Part 1: Storage Policy Based Management for Containers Orchestrated by Kubernetes

This blog is written by Balu Dontu and Tushar Thole from Cloud Native Applications Storage team

In a previous blog, we learnt how stateful containers orchestrated by Kubernetes can leverage storage exposed by vSphere (vSAN, VMFS, NFS) by using standard Kubernetes volume, persistent volume and dynamic provisioning primitives.

Once you start enjoying the convenience of consuming vSphere storage on Kubernetes, the next question you may ask is – how do I achieve different SLAs for different containers deployed using Kubernetes? Can I specify a condition or a policy while creating a volume so that the volume will be automatically provisioned on an appropriate datastore based on the policy? The answer is YES. For now, this feature is supported only on the vSAN platform.

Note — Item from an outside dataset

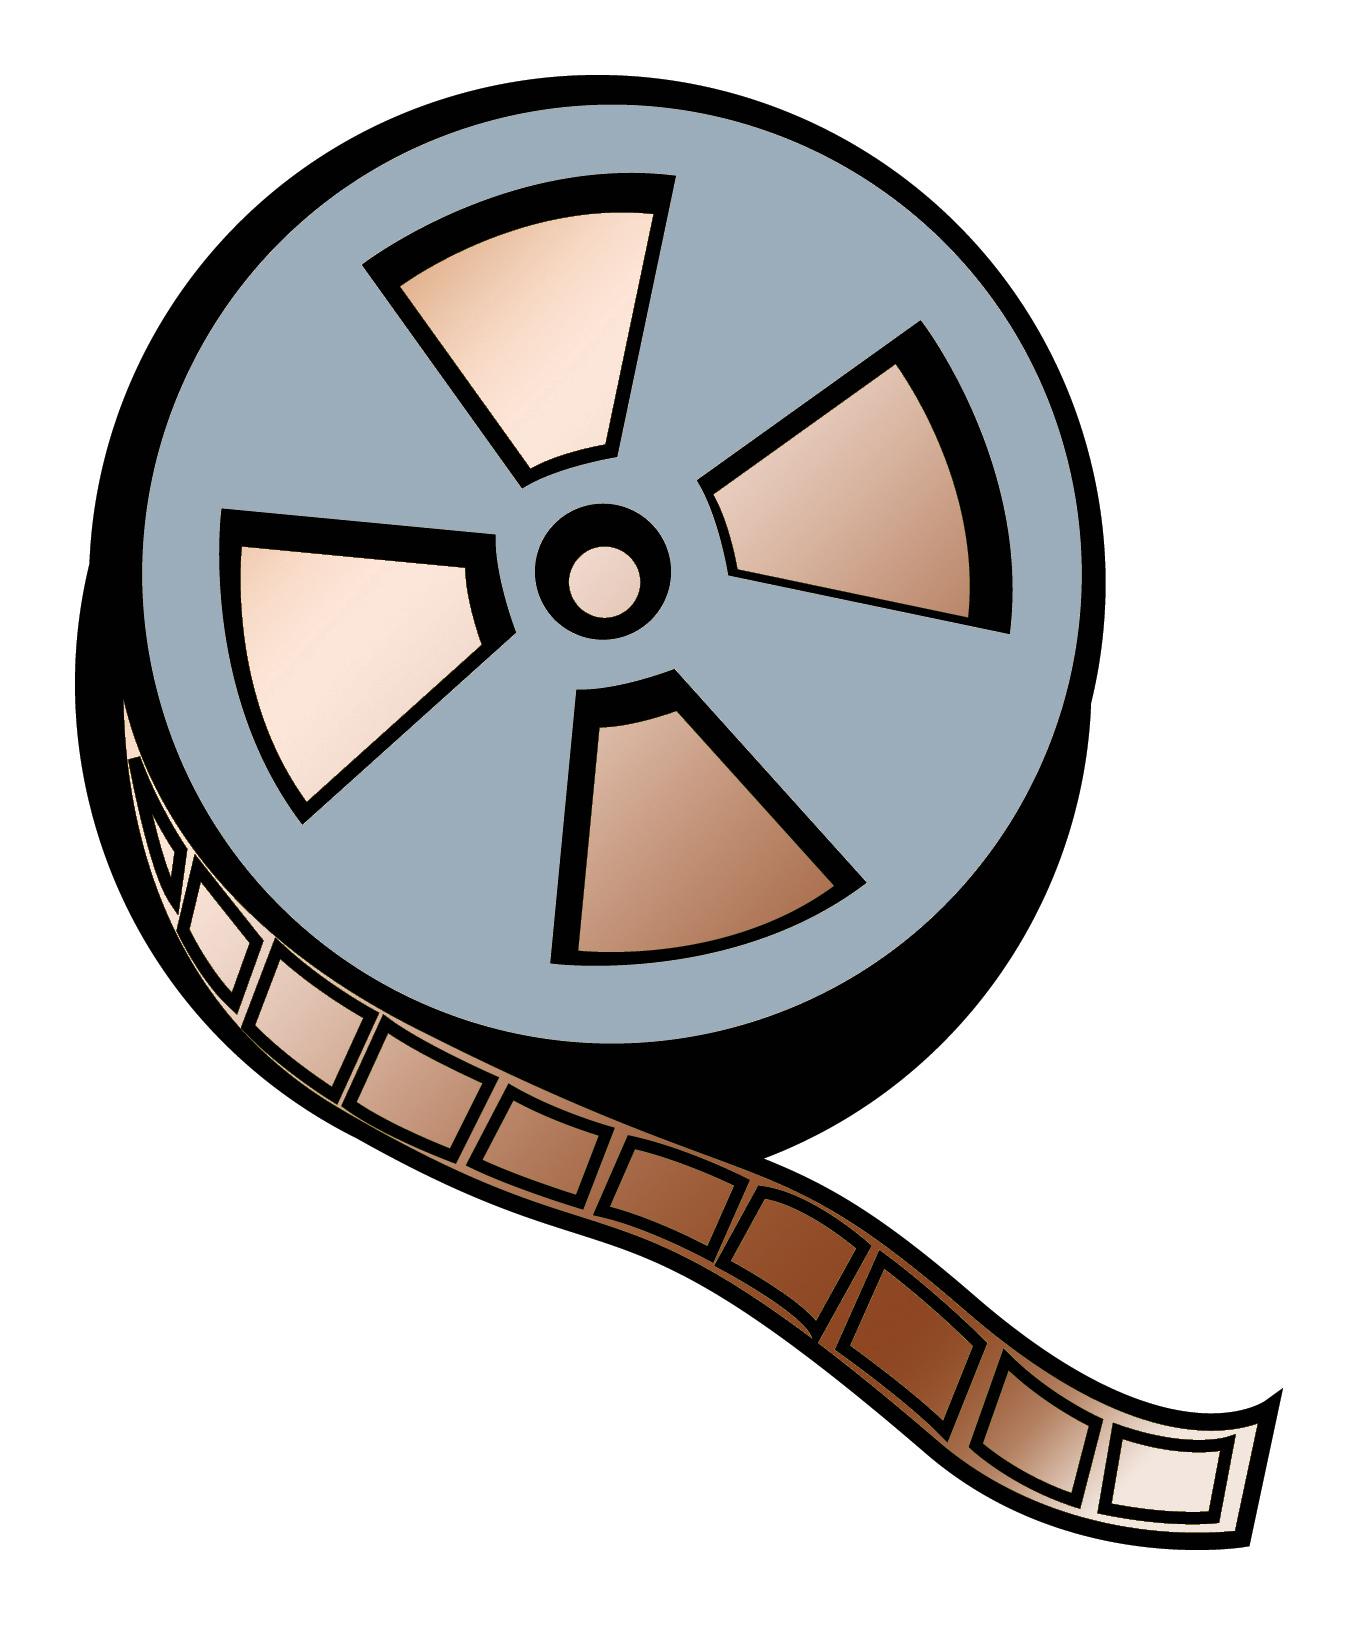 movie film clip art cliparts co free clipart movie reel movie reel clip art border

This blog will provide a step-by-step guide on how administrators can specify vSAN storage capabilities for dynamic volume provisioning inside Kubernetes by using a sample WordPress-MySQL application.

Storage Policy based provisioning of Persistent Volumes

Storage Policies capture storage requirements, such as performance and availability, for persistent volumes. These policies determine how the container volume storage objects are provisioned and allocated within the datastore to guarantee the requested Quality of Service. Storage policies are composed of storage capabilities, typically represented by a key-value pair. The key is a specific property that the datastore can offer and the value is a metric, or a range, that the datastore guarantees for a provisioned object, such as a container volume backed by a virtual disk.

As you might be already aware, vSAN is a distributed layer of software that runs natively as a part of the ESXi hypervisor. vSAN aggregates local or direct-attached capacity devices of a host cluster and creates a single storage pool shared across all hosts in the vSAN cluster. While supporting VMware features that require shared storage, such as HA, vMotion, and DRS, vSAN eliminates the need for external shared storage and simplifies storage configuration and virtual machine provisioning activities. vSAN works with virtual machine storage policies to support a virtual machine-centric storage approach. When provisioning a virtual machine, if there is no explicit assignment of a storage policy to the virtual machine, a generic system defined storage policy, called the vSAN Default Storage Policy is automatically applied to the virtual machine.

We will now illustrate how this policy based management approach can be applied to container volumes as well.

As described in official documentation, vSAN exposes multiple storage capabilities. The table below lists vSAN storage capabilities that are currently supported by vSphere Cloud Provider.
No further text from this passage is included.